1. A method for modulating nitrogen metabolism in plant cells, said method comprising the steps of transforming a plant cell with a polynucleotide encoding a polypeptide having glutamate dehydrogenase activity, and culturing said cell under conditions whereby descendant cells are produced which comprise said polynucleotide and wherein said polynucleotide is expressed, whereby nitrogen metabolism is modulated.

2. The method of claim 1, further comprising the step of regenerating said descendant cells to form a plant.

3. The method of claim 1, wherein said nitrogen metabolism comprises increasing the assimilation of inorganic nitrogen into organic nitrogen.

4. The method of claim 1, wherein said polypeptide is selected from the group consisting of an alpha subunit of glutamate dehydrogenase, a beta subunit of glutamate dehydrogenase, and fragments or mutants thereof which exhibit glutamate dehydrogenase activity.

5. The method of claim 1, wherein said polypeptide is operably linked to a chloroplast transit peptide.

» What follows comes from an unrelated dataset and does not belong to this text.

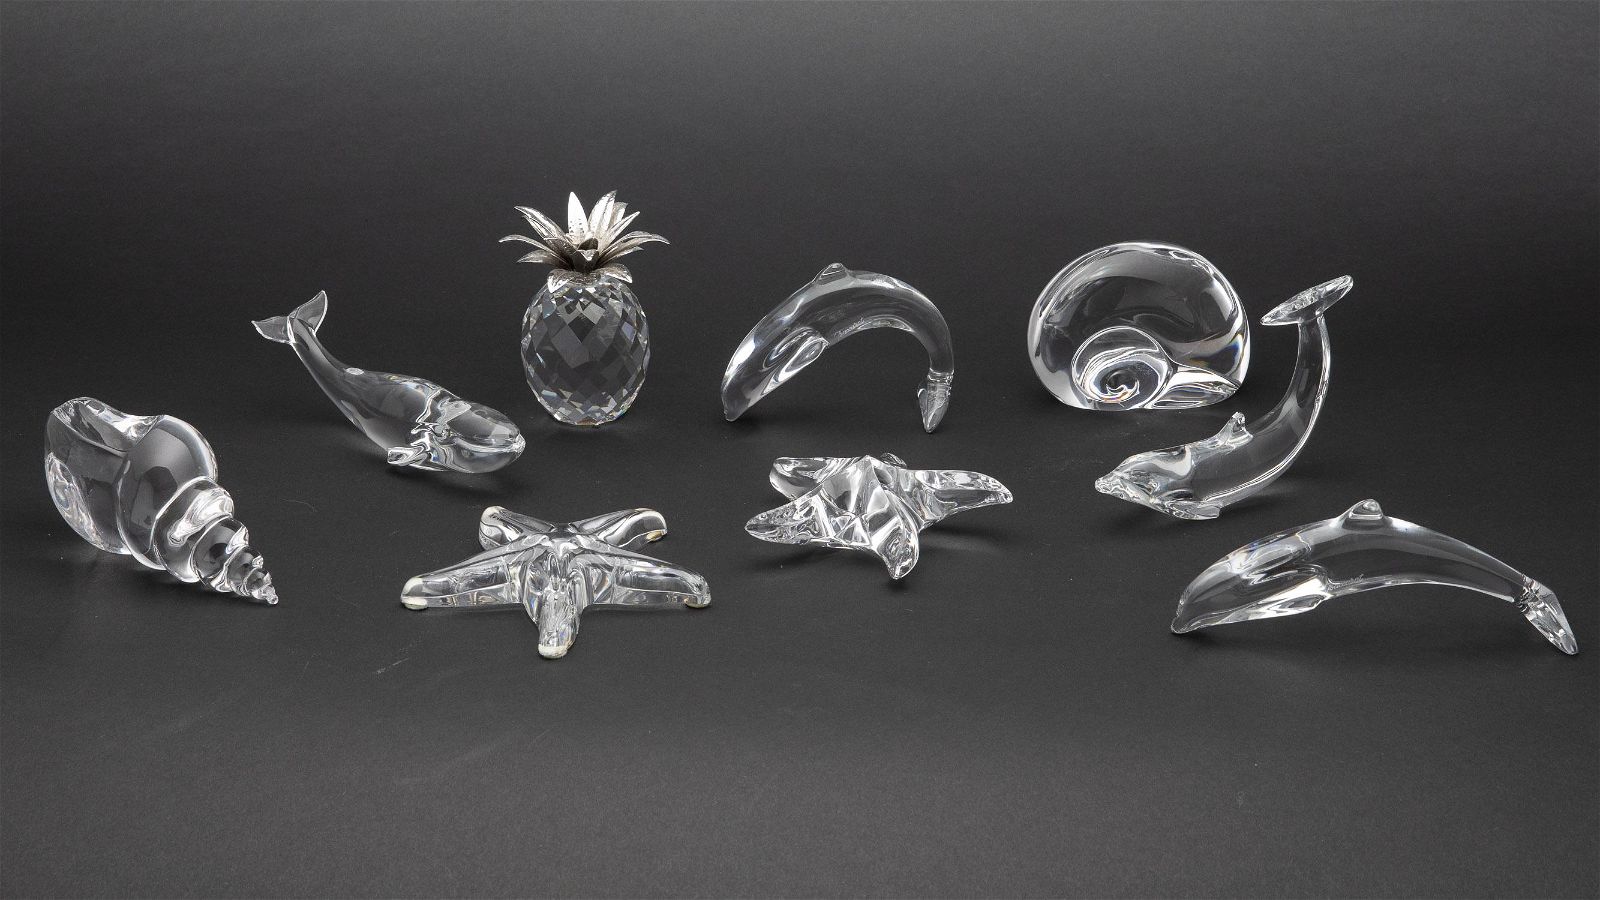 9 GLASS ANIMALS SHELLS AND FRUIT 3d33f0

6. The method of claim 5, wherein the chloroplast transit peptide comprises the amino terminus of SEQ ID NO. 2 or SEQ ID NO. 4, or a fragment or mutant thereof sufficient to exhibit chloroplast transit activity.

7. The method of claim 1 wherein said polynucleotide is selected from the group consisting of SEQ ID NO. 2, SEQ ID NO. 4, SEQ ID NO. 24, SEQ ID NO. 26, and fragments or mutants thereof.

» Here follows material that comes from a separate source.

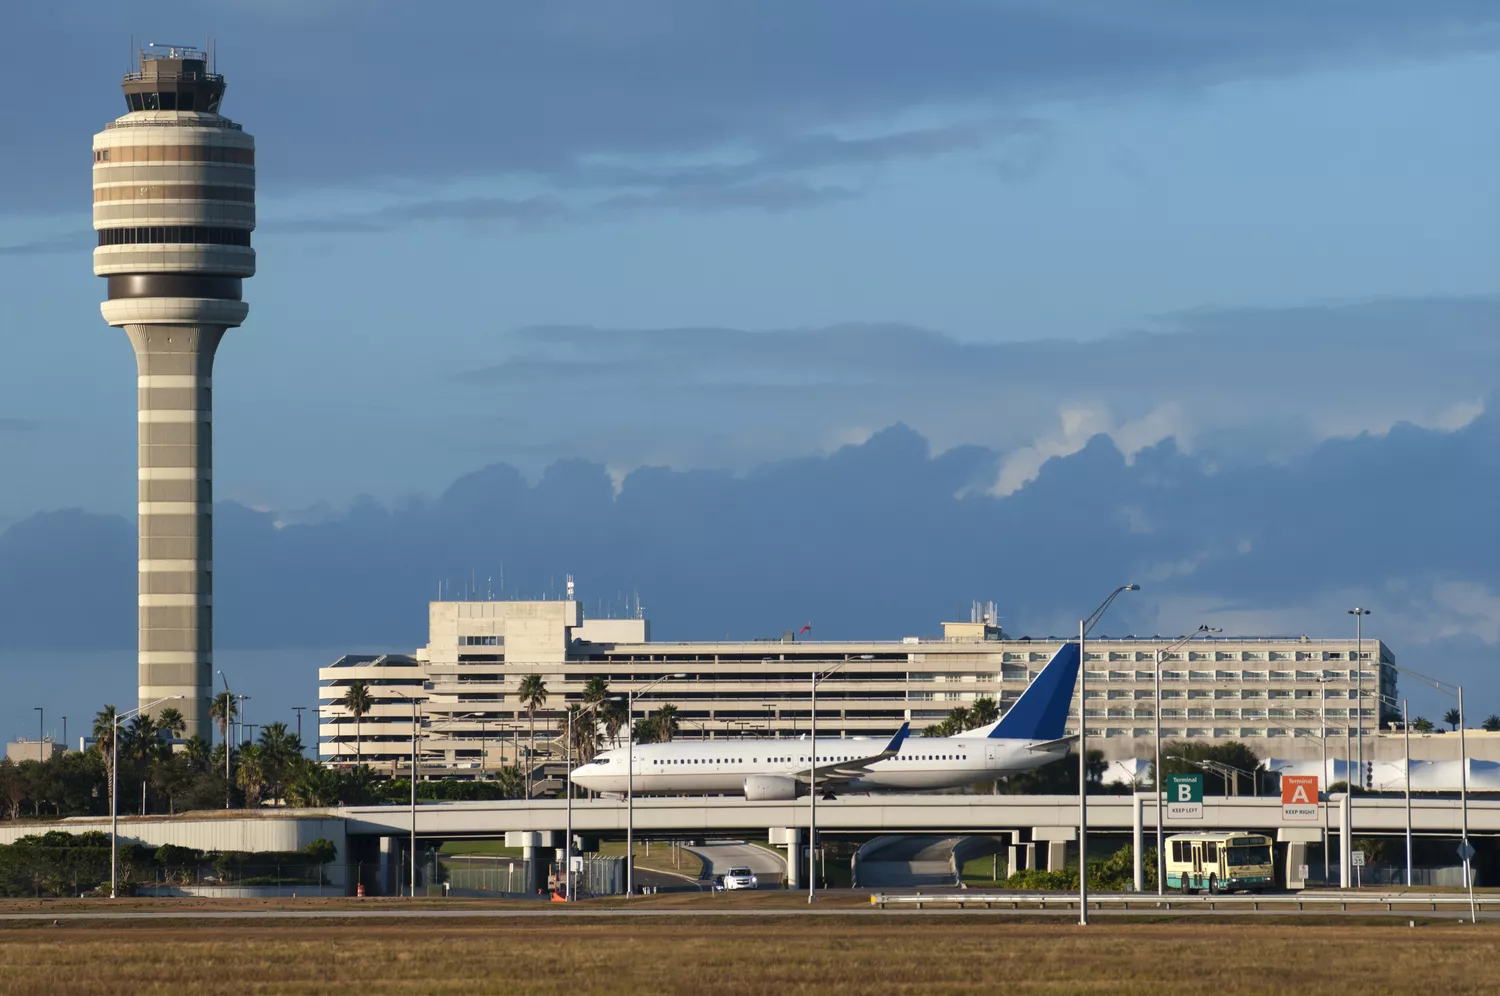 The worst U.S. airport is at Disney World.

8. The method of claim 1, wherein said polynucleotide is operably linked to a plant polyadenylation sequence.

9. The method of claim 1, further comprising engineering said polynucleotide to maximize expression in said plant cell, said engineering comprising determining favored codon usage in said plant cell and altering said polynucleotide by increasing the frequency of favored codons.

10. A method of modulating the properties of a plant comprising culturing a plant comprising cells that comprise a polynucleotide encoding a polypeptide having glutamate dehydrogenase activity under conditions where said polynucleotide is expressed in said cells, whereby properties of said plant are modulated.

11. The method of claim 10, wherein at least one property modulated by said method is selected from the group consisting of increased crop yield, altered ammonium assimilation, altered osmotic stress tolerance, and altered composition of said plant.

12. The method of claim 12, wherein said polynucleotide is selected from the group consisting of SEQ ID NO. 2, SEQ ID NO. 4, SEQ ID NO. 24, SEQ ID NO. 26, and fragments or mutants thereof sufficient to encode a polypeptide having glutamate dehydrogenase activity.

13. A plant produced by the method of claim 2, comprising cells which express a polynucleotide encoding a polypeptide exhibiting glutamate dehydrogenase activity, whereby nitrogen metabolism in said cells is modulated.

14. A descendant of the plant of claim 13, said descendant comprising cells expressing said polypeptide and wherein nitrogen metabolism of said cells of said descendant is thereby modulated.